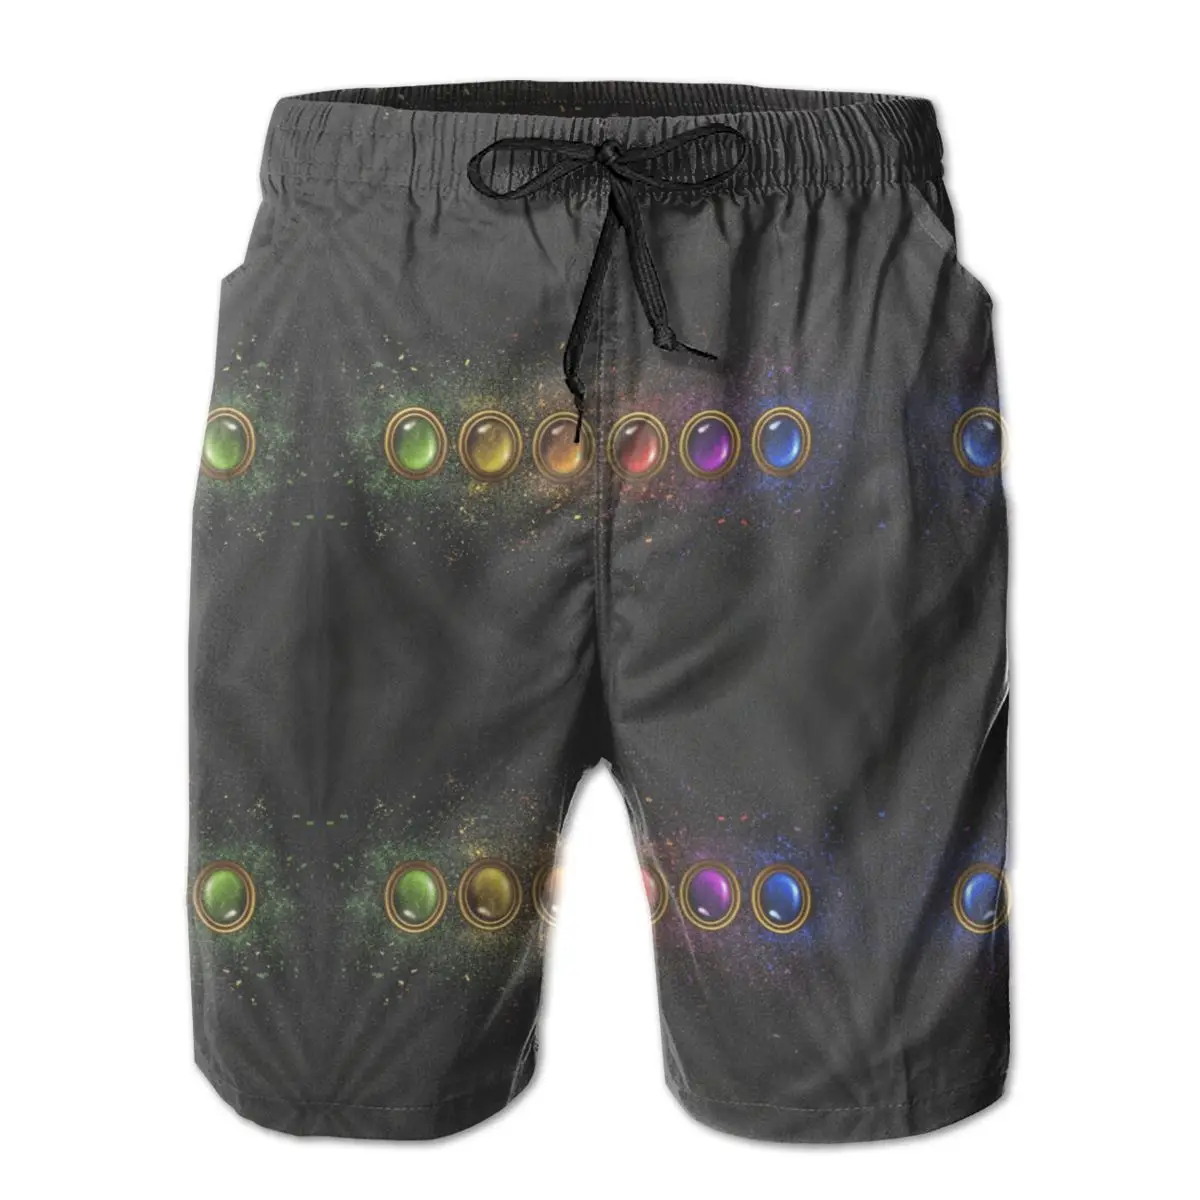 

Hawaii Pants Causal R92 Breathable Quick Dry Funny Noveltyrunning I Have Infinity Six Gems
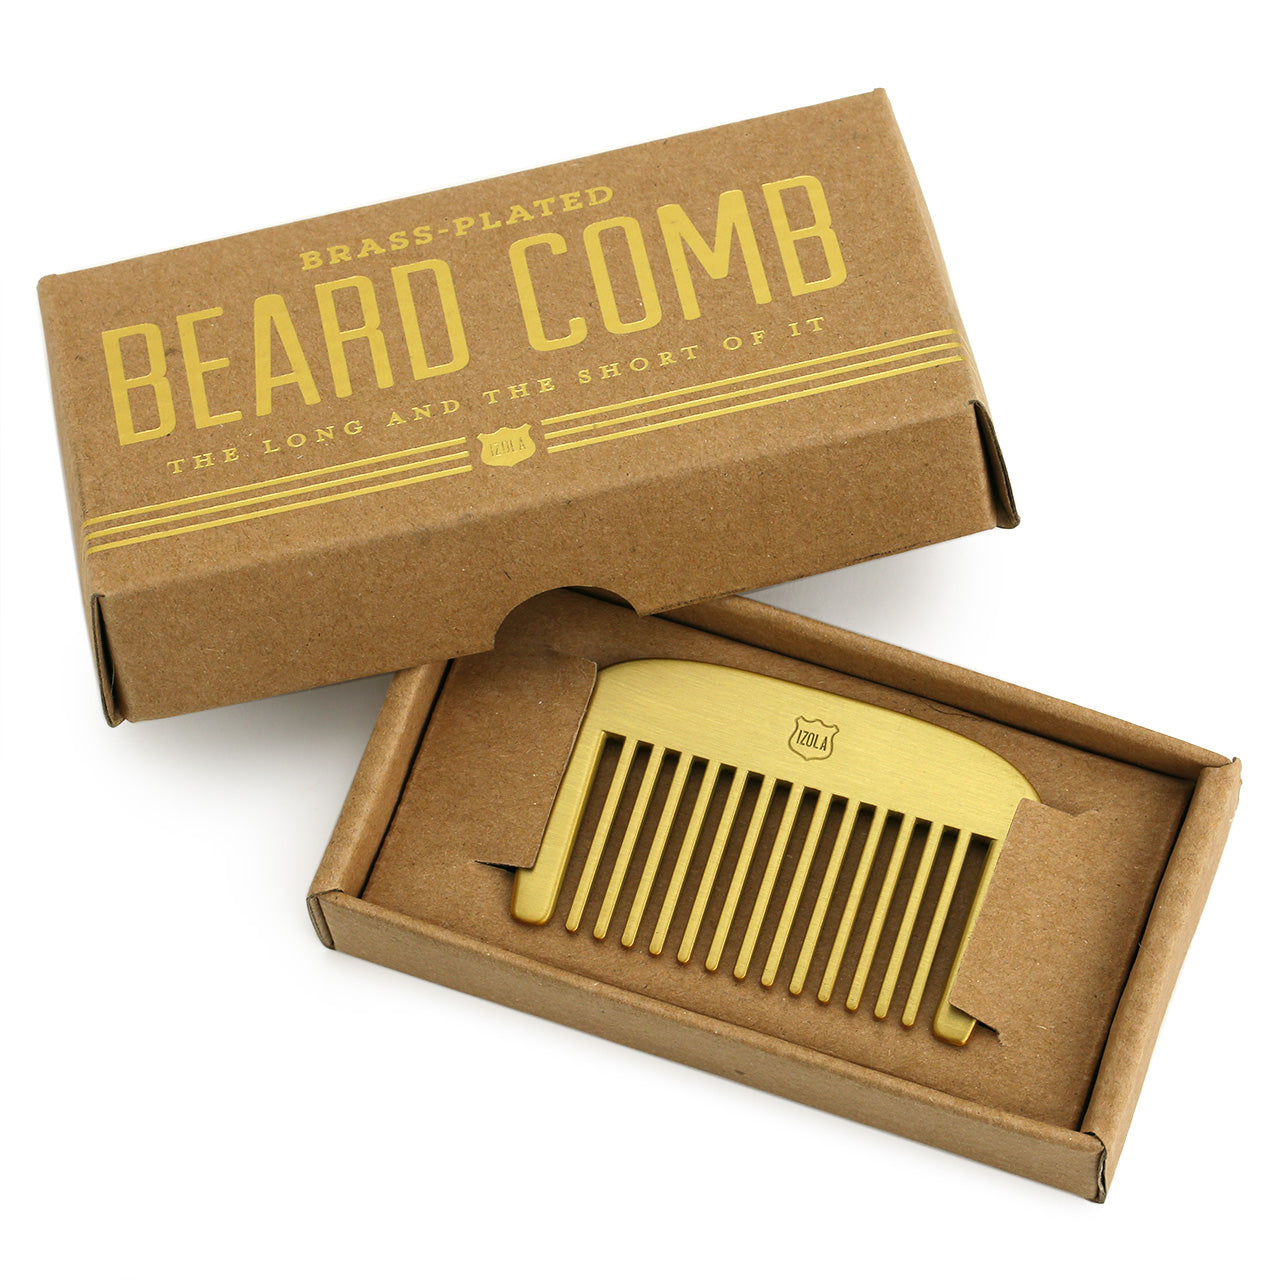 Short brass beard comb engraved with "the long and the short of it"
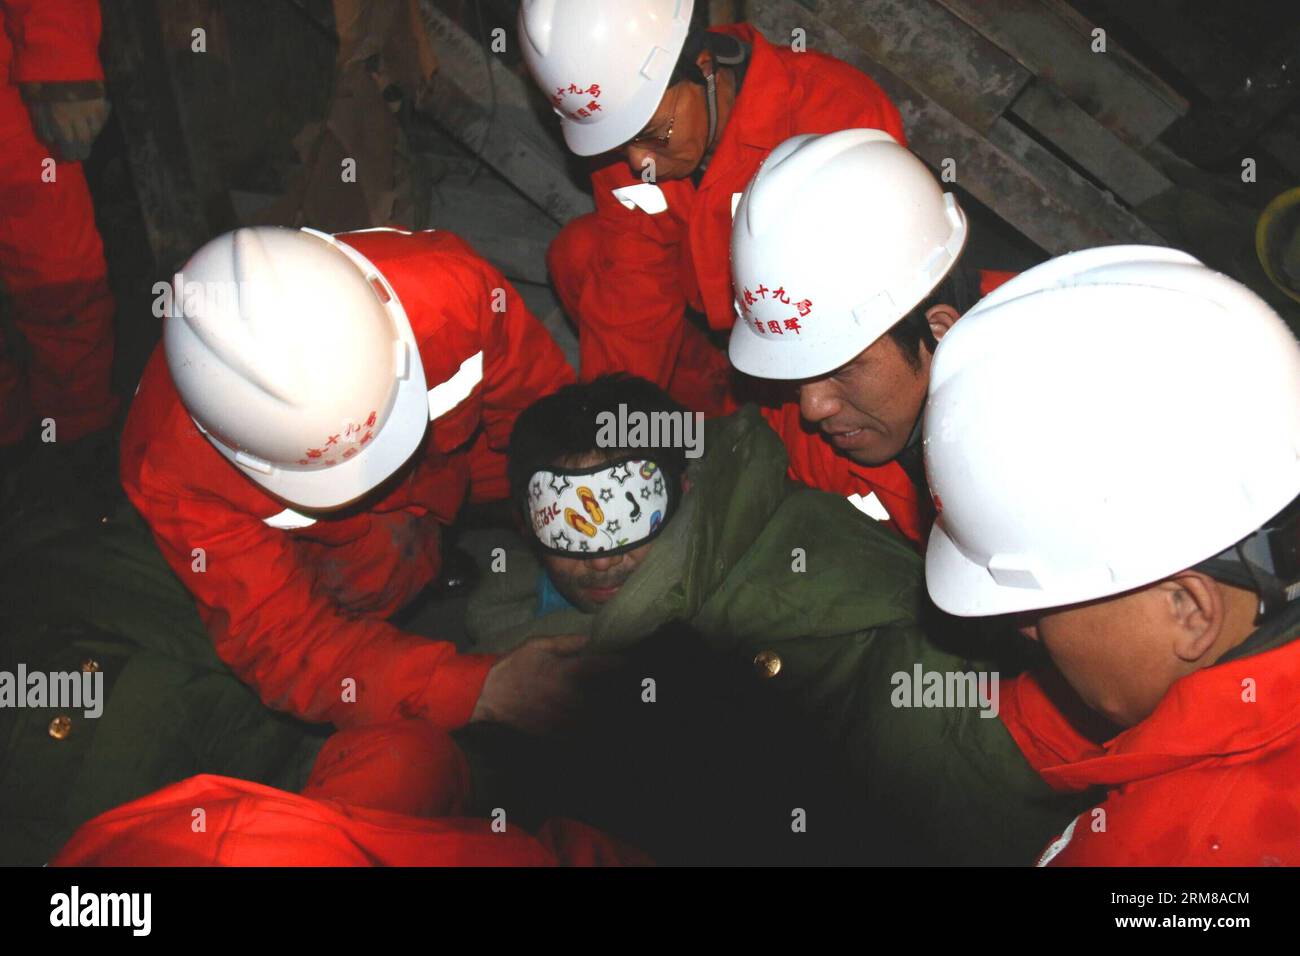 (140405) -- HUNCHUN, April 5, 2014 (Xinhua) -- Rescuers carry a trapped worker out of a collapsed railway tunnel in Hunchun, northeast China s Jilin Province, April 5, 2014. A tunnel of the Jilin-Hunchun High-Speed Railway, which is under construction, collapsed at around 2:00 a.m. Wednesday, leaving 12 workers trapped. All of the 12 workers have been rescued by 3:30 p.m. Saturday. (Xinhua/Lin Hong) (wjq) CHINA-JILIN-HUNCHUN-RAILWAY TUNNEL-COLLAPSE-RESCUE (CN) PUBLICATIONxNOTxINxCHN   Hunchun April 5 2014 XINHUA Rescue Carry a Trapped Worker out of a Collapsed Railway Tunnel in Hunchun Northea Stock Photo
===============
> _WHAT IS NEEDED_
Return the material in full, word for word, and skip the pictures.

> _SOLUTION TO THIS PROBLEM_
Hawaii Pants Causal R92 Breathable Quick Dry Funny Noveltyrunning I Have Infinity Six Gems
 Short brass beard comb engraved with "the long and the short of it"
 (140405) -- HUNCHUN, April 5, 2014 (Xinhua) -- Rescuers carry a trapped worker out of a collapsed railway tunnel in Hunchun, northeast China s Jilin Province, April 5, 2014. A tunnel of the Jilin-Hunchun High-Speed Railway, which is under construction, collapsed at around 2:00 a.m. Wednesday, leaving 12 workers trapped. All of the 12 workers have been rescued by 3:30 p.m. Saturday. (Xinhua/Lin Hong) (wjq) CHINA-JILIN-HUNCHUN-RAILWAY TUNNEL-COLLAPSE-RESCUE (CN) PUBLICATIONxNOTxINxCHN   Hunchun April 5 2014 XINHUA Rescue Carry a Trapped Worker out of a Collapsed Railway Tunnel in Hunchun Northea Stock Photo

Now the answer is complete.